Ближние глянули недоуменно. Медленно, еще не веря, поднялись, оставляя вмятины на песке. И вдруг суматошно, разом, стали потрошить кошельки. И — наперегонки.
Поняли и дальние, в чем дело, — новость разнесли. Пляжный народ дружно поднялся; наказав сторожить вещи ребенку или другу семьи, кредитоспособные счастливцы, домчав, выстраивали аккуратную очередь-змейку, в считанные минуты растянувшуюся вдоль Ангары метров до пятисот.
— Граждане! — распорядился Иван. — Я вам сервис, а вы мне без сдачи, идет? И предупредите задних, у меня штук сто!
Опоздавшие требовали:
— По одной! По одной на организм!
Мешок худел на глазах, карманы пухли от денег.
Иван взмок.
Отходя с покупкой, благодарили.
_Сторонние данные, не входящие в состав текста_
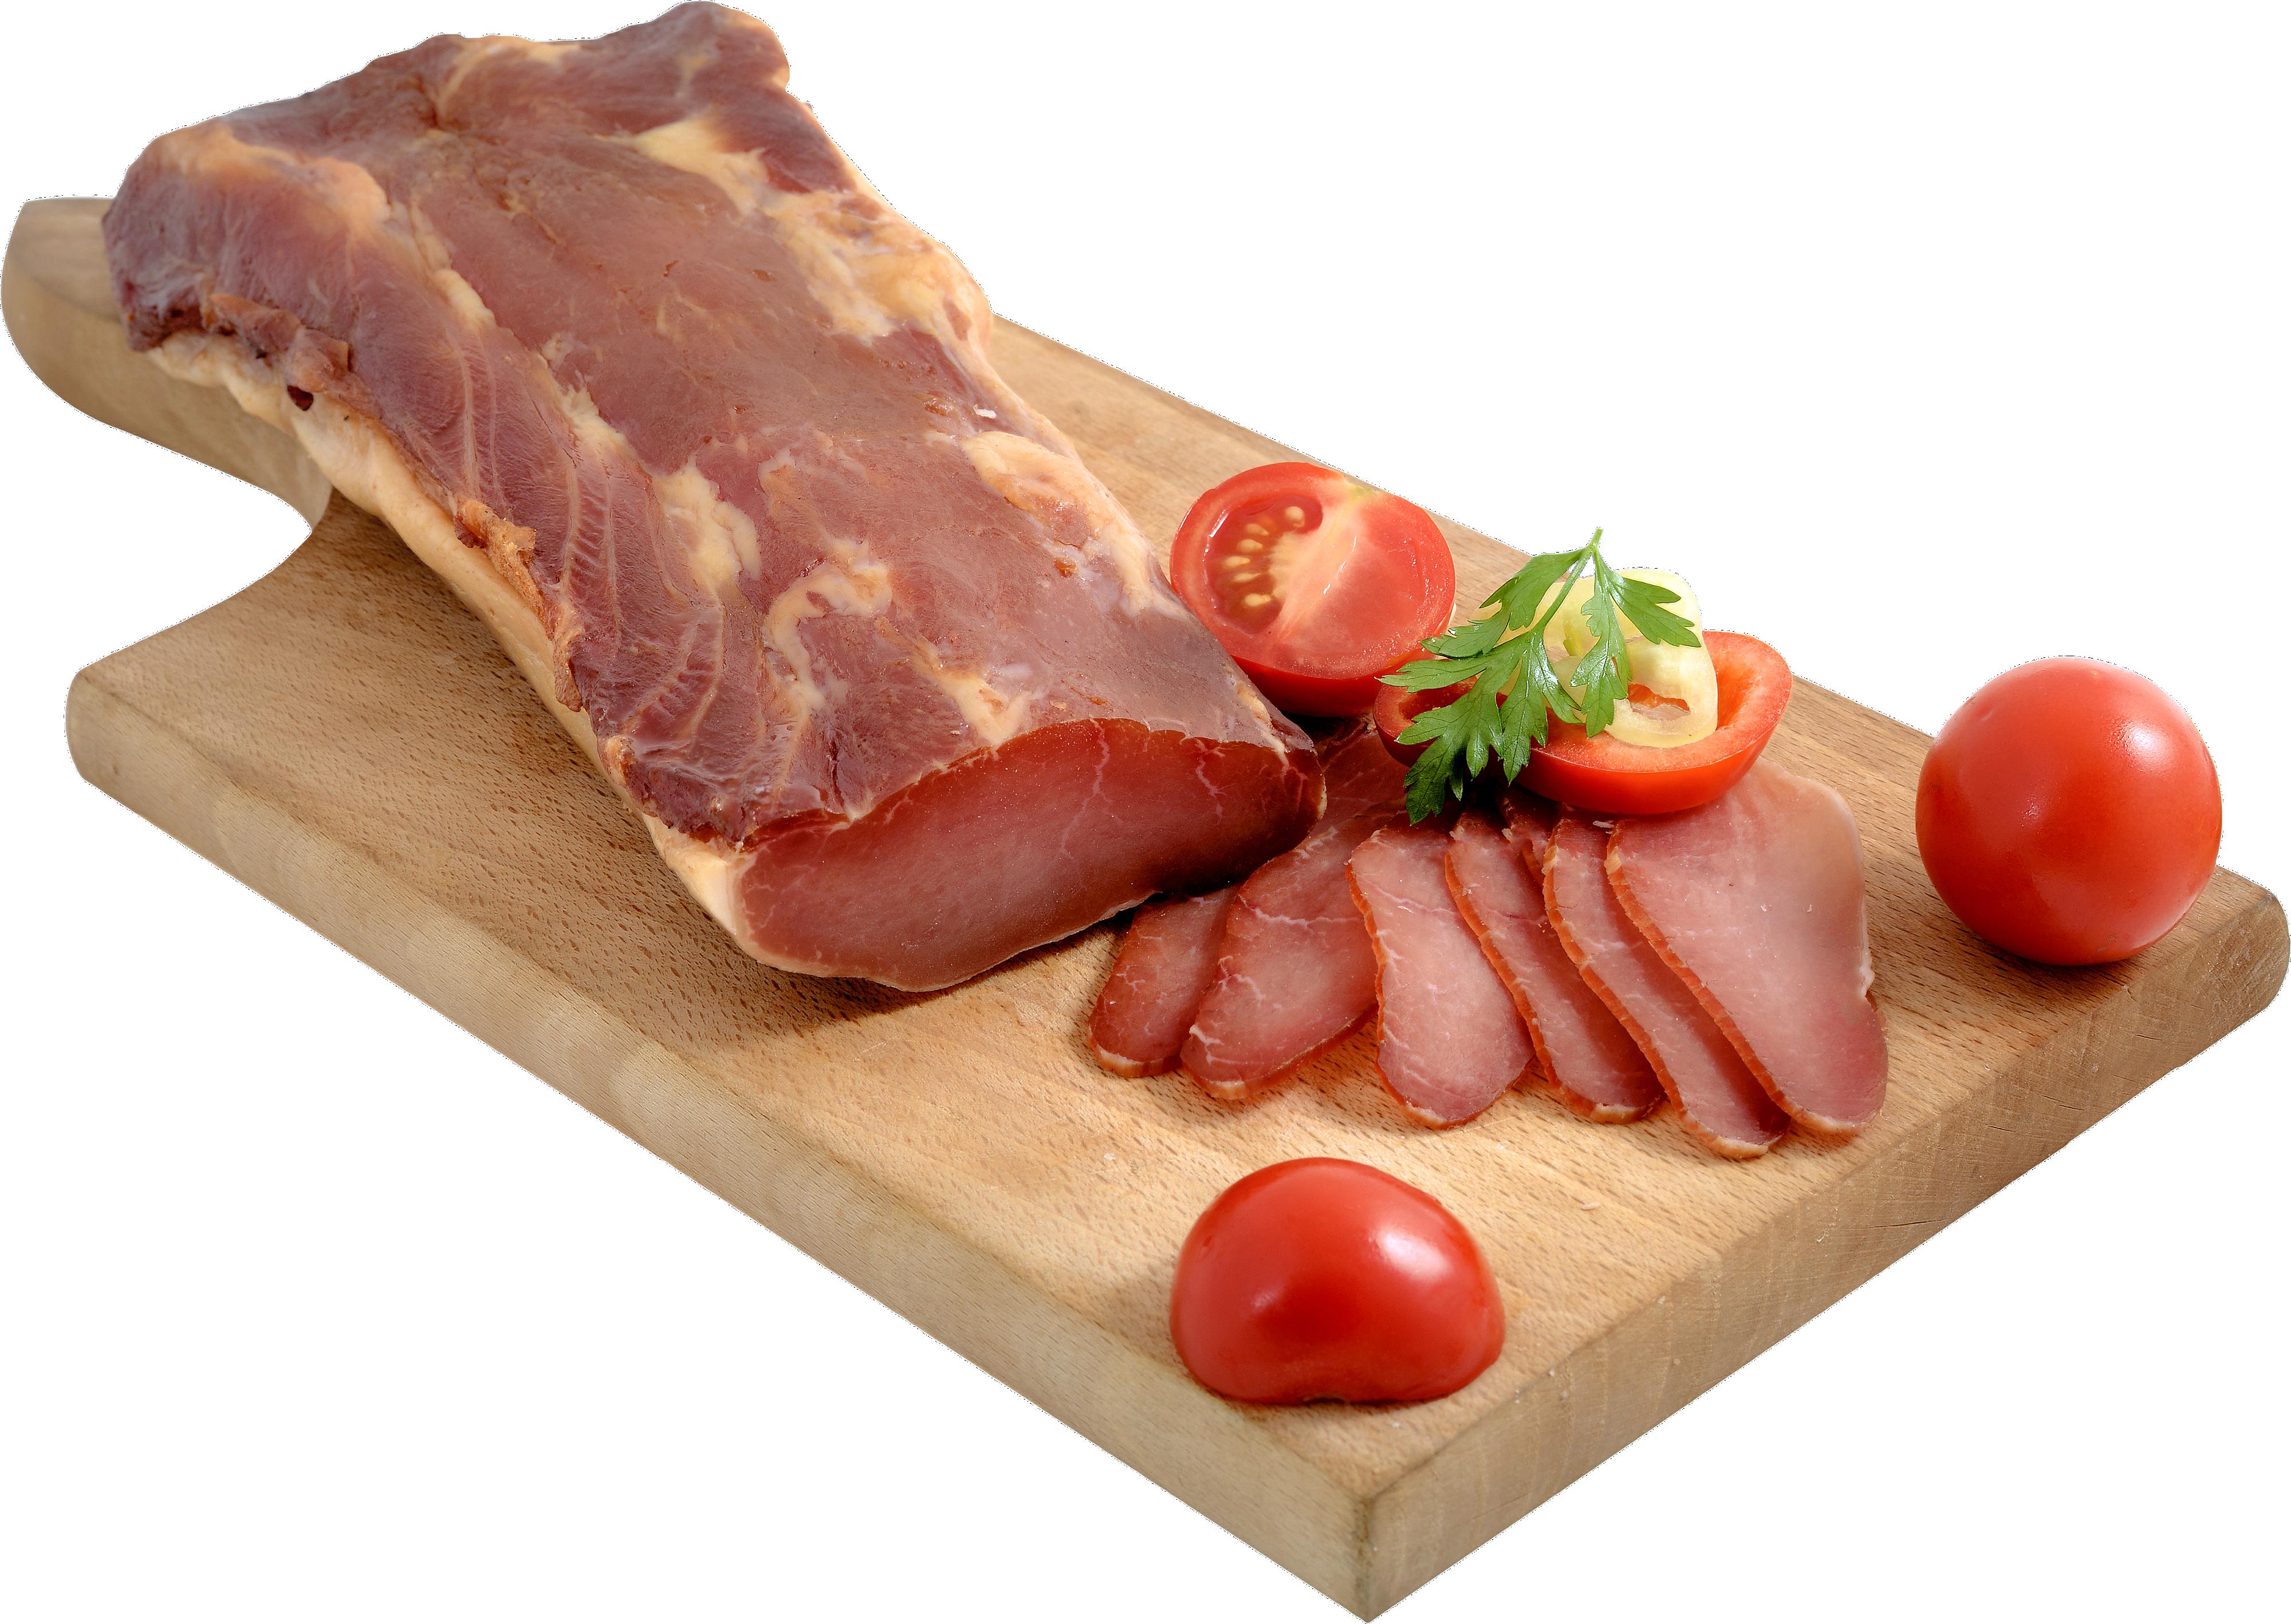 Slika za Pečenica suva svinjska Montella rinfuz 100g

Или сетовали, что мало привез.
— Иркутяне, дери вас, — ворчал Ржагин. — Богатство под носом, а им бы только пузо греть.
Отдал последнему серебристую рыбину.
— Все! Не поминайте лихом!
— У-у, — загудели те, кому не досталось. — А еще?
— С транспортом перебои.
— А завтра?
— Как знать.
— Можно надеяться?
— Не возбраняется.
Разбрелись.
Иван пристроился у самой воды, сложил, не считая, денежки покомпактнее и припрятал поглубже, взяв только на расход. Оглянулся, нет ли грабителей, и быстренько искупался, глаз не сводя с рюкзака.
Полежал, нежась в теплом чистом песке, покурил.
Написал домашним:
«Не огорчайтесь.
Скоро снова сяду вам на шею. Учтите, я обрюзг и потяжелел.
Кое-куда еще загляну и тогда, даст бог, заявлюсь.
Ин, если опоздаю в институт, походи за меня на первые лекции, ладно?
Улыба».
ВСАДНИК НА ЧАЛОМ КОНЕ
1
Без малого трое суток, один в мягком купе, ехал Ржагин через Сибирь в направлении теперь обратном.
Пил чай, читал газеты (в Иркутске накупил целую охапку и медленно прочитывал каждую от названия до адресов и телефонов) и подолгу смотрел в окно.
А когда опускались сумерки, забывался.
Остывал недопитый чай. Шурша, падала на пол газета.
В черном стекле ему виделись колеблющиеся, зыбкие контуры...
Спору нет, то, время, первые пять лет — самое содержательное, самое живое и памятное. И мама Магда — вот моя настоящая мать.
Но, может быть, это я ее выбрал? Может быть, на самом деле все совсем иначе?
Куда я еду? Домой, к себе? Или в образцово-показательное заведение, которому я на дух не нужен?
Там теперь другая семья, и ни я о них, ни они обо мне — ничего. Мне известно лишь то немногое, о, чем мама Магда писала в письмах, а в письмах у нее жалость и сострадание, немного восторженности и почти никакой нужной мне информации.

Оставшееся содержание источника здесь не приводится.